The NY Times article.

 
krs2404, nice moniker by the way.  :) So who would you give your left arm to in order to become ambidextrous?  :o ::) Fred
 
Sorry Guys, but I can't resist!
I have had this discussion( ???argument) with craftsman of all persuasions many times over the years; especially concerning circular (Skil Saws). I am right handed and ripping a 8' panel, standing to the right of it,  holding the saw with my right hand across my body. This defies everything I learned in Engineering School regarding ergonomics. I finally bought a "Left-handed" Porter-Cable 323 Mag Saw (which to me is right-handed). I hold it in my right hand, with the weight of the motor over the non-cutoff piece, and can see the cut line and the blade; isn't this as NOAH intended?
Have at it boys!
 
confused  ???    I am left headed , right handed and if I carry on reading this thread right round the bend .......Hrmmmm wonder what the right side of my heads doing......on second thoughts let not go there  :D ;D

Colin
 
I have found that I use both hands.  Some things are definately more comfortable in one hand or the other.  It is funny i took up carving this winter and I like to carve with gauges lefty although I do carve righty also, really it is about equal but if the grain allows lefty it is.  Now chip carving is definately righty but I will give lefty a try tom.  Then there is golf, I like to go to the driving range, I drive right handed and put left handed. 

Both my brother and I when tested have no right or left brain dominance we are both straight down the middle.

It is funny as I have gotten in my twenties I have definately used my left hand more than I used to .

Oh yeah as far as education I have a music degree but was always good at math. So, who nows what it all means but i find this subject rather interesting. 

JJ
 
Michael Kellough said:
Remember those psychedelic posters from San Francisco in the late sixties?
04kelley2-lg.jpg


The most famous examples, such as the one above, where created by a team of artists, Alton Kelley and Stanley Mouse.
04kelley-lg.jpg


Anton was a lefty and Stanley a righty and they worked on the same board simultaneously.
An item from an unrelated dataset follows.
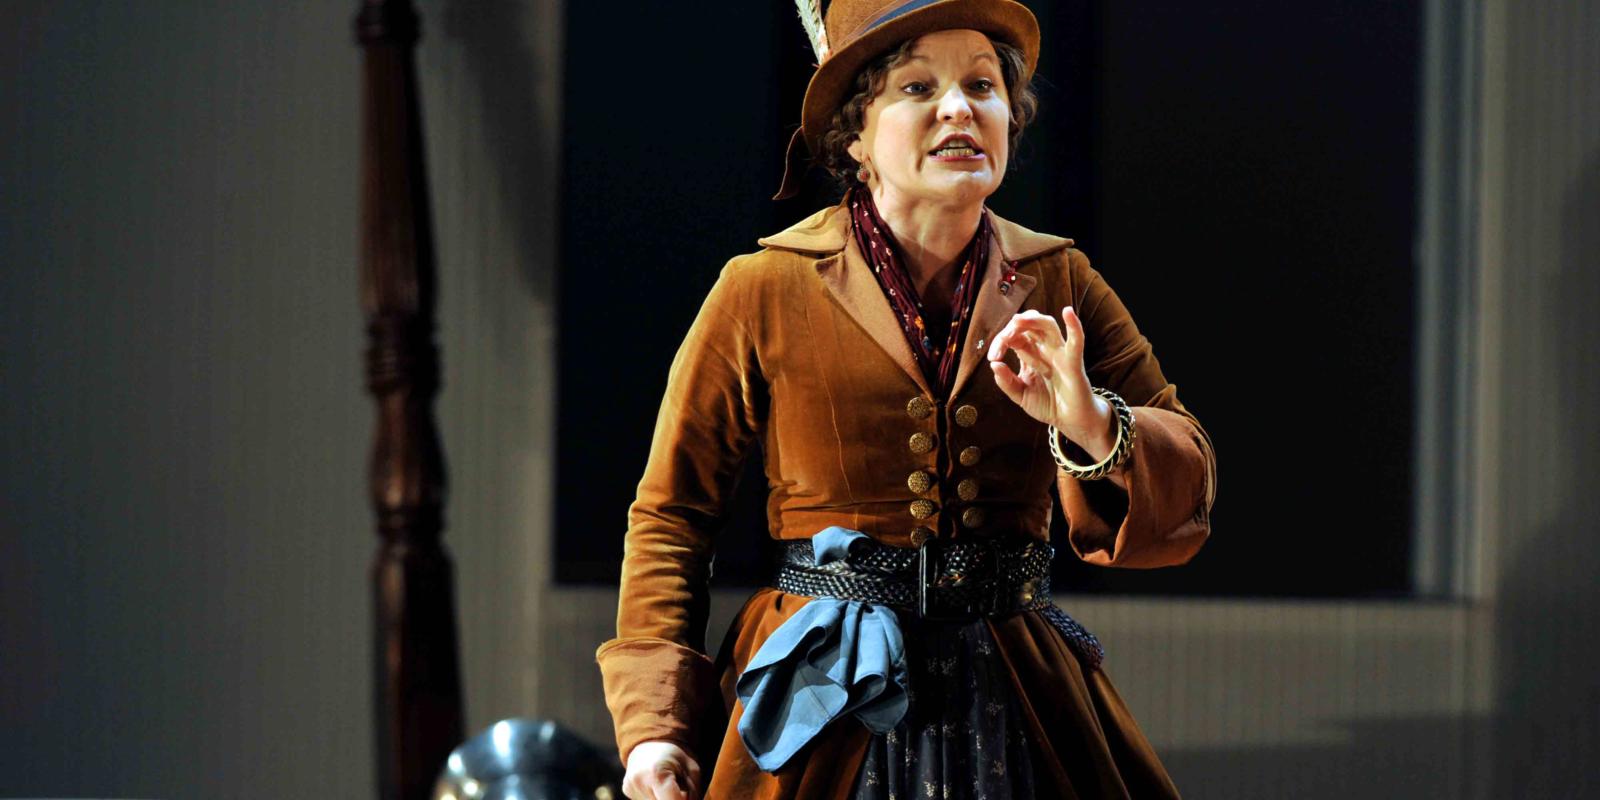 An image of Lucy Schaufer in Fiona Shaw's 2014 production The Marriage of Figaro

"Kelley would work on the left side of the drawing table and Mouse on the Right," said Paul Grushkin, the author of "The Art of Rock: Posters From Presley to Punk" and a longtime friend of both men. "They turned out a poster a week."

"In their final collaboration, in March of this year, they contributed the cover art for the program at the induction ceremony at the Rock and Roll Hall of Fame."  Anton died this week.

The NY Times article.

Michael,
  Excellent.  Thank you.  Mouse & Kelly's art works, while obviously part of a larger "Pop" culture, are tremendous examples of wild unfettered talent.
These men were amazing, & whatever your medium, you have to appreciate getting into the "zone" of your art.  It's when you know some of your best & most creative work is coming out through your own creativity.  What some people might call ones prime production peak.
  That these two worked side by side righty vs. lefty, while I had never known this, does not surprise me a bit.  Kelly once described the experience as "riffing off each others giggles"   ;) 
  What ever "help" their giggle had in being, the collaboration of these two men is among the strongest of professional pairings ever produced in the arts.  Kelly also once said "we were stunned by what we were able to do.  We had free rein to go graphically crazy.  And they did!
  The art work they produced together from 1964 is an enormous body of work.  Some merely good & some wildly outstanding.  The work they produced shall grace art collections for centuries.  Not bad for a couple of notorious hippies :D
  The two started out as concert promotors, competing against Bill Graham in the San Fransisco area & scene (& Virginia City Nev.).  The business was called the Family Dog & they promoted alot of their shows at the Avalon Ballroom, while Grahams were held in the Fillmore.  Family Dog eventually fell apart (Charles Manson was associated with them very early on), they were a wild group. 
  Kelly & Mouse kept at it though, producing many of the most famous concert poster art of the era.
  They may have seemed reckless & carefree, but the art produced will outlive all the nonsense.  Alphonse Mucha partied hard with Kafka & Einstein in Prague at the time of the turn of the last century.  Heady times.  His art work & that of his contemporary is likewise an incredible outburst of talent, unleashed by the freedom that creativity brings.  Though most of his art was for marketing purposes, it sells for millions today.
  Truly great art requires letting go, trusting your abilities, & not paying to much attention to how it is received.  If you're fortunate enough, your art may be enhanced by a legendary collaboration, such as theirs.  Niether of the two could have produced that work alone.  Niether of these two had any thoughts that they were creating masterpieces.  Yet they did.
  Righty, Lefty....I don't know
  Perhaps it really is the giggles that matter  ;D
Regardless, it really seems to be a freakish confluence of things that make some people more prolific at their art than others.  Trying to figure out where it comes from can make you crazy.  or maybe it is the giggles............. ;D

Long live Mouse Kelly.

   
 
Thanks for the commentary Terp!

I heard an interview with Mouse. The guys had hired a studio assistant to answer the phone so they could continue working. At the end of the first day she came into their room and asked, "Don't you guys ever say anything?".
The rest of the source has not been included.